Woodborough Road Baptist Church is a former Baptist Church on Woodborough Road in Nottingham. It is a Grade II listed building. It was converted around 1980 and after being run as the Pakistani League of Friends, is now a Pakistan Community Centre.

==History==

The congregation formed out of that based at Stoney Street Baptist Church. In 1875 they seceded from the Stoney Street Church, and by the early 1890s had enough resources to commission the architect Watson Fothergill to design a new Church for them on Woodborough Road.

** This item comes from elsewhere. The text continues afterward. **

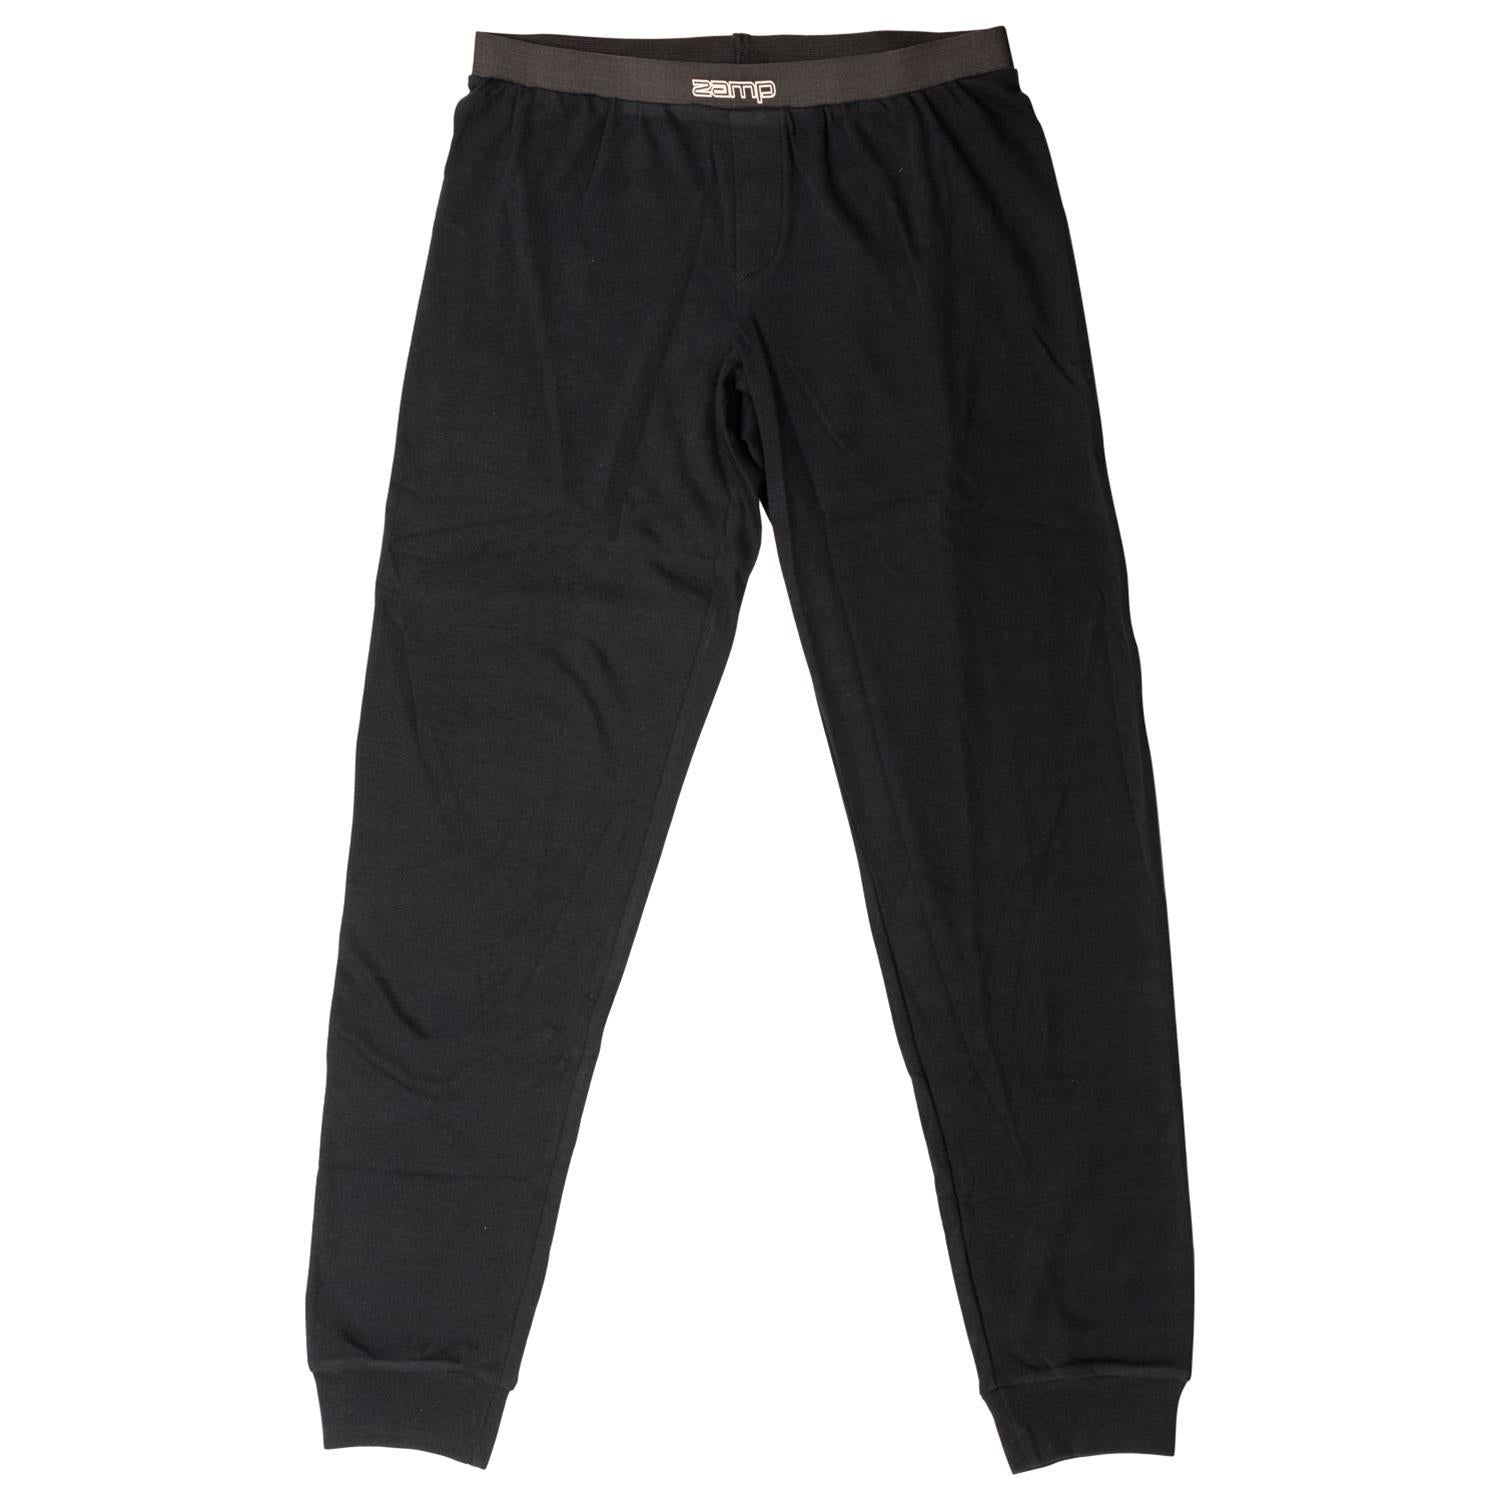 Zamp Solar Underwear Bottom Black XX-Large SFI 3.3 Safety Clothing Fire Retardant Underwear Bottoms main image

The church was opened on 5 February 1895. The church was described in the Nottingham Evening Post:
It is a commanding structure, and an undoubted ornament to the town. It has a nave of seven bays divided from aisles of slightly unequal width by iron columns, which support a semi-circular arcade and clerestory. The end at the junction of Alfred-street is a portion of a many-sided polygon, whilst the other end is a semi-octagon containing the choristry and platform, the pulpit being in the centre, with the organ behind. The choristry has a circular roof. The pulpit of wood is in front of the baptistery. The galleries which run round the sides, and the circular end in Alfred-street provide 284 sittings. There is sitting accommodation in the chapel itself for about 930 persons. The interior, which is rather unconventional in treatment, is attractive, well lighted, and comfortably heated. The ceiling is of plaster, nicely decorated; the walls being of red brick, relieved with blue and buff bricks in bands. Small squares of tinted glass constitute the windows. A striking feature of the exterior is an octagonal tower, 100 feet high at the juncture of the four roads clock faces being placed on either side of the upper part. Red brick, relieved with blue brick bands, is used for the exterior, but the plinth is of rock-faced Derbyshire stone, with terra-cotta bands. A lobby connecting the two principal entrances is situate in Alfred-street, and no less than five new classrooms have been provided in connection with the schools, three of the old class-rooms having been enlarged and improved.

After a period of decline in the mid 20th century, the church eventually closed, and was converted into a centre for the Pakistani League of Friends. It is now an Islamic Social Centre.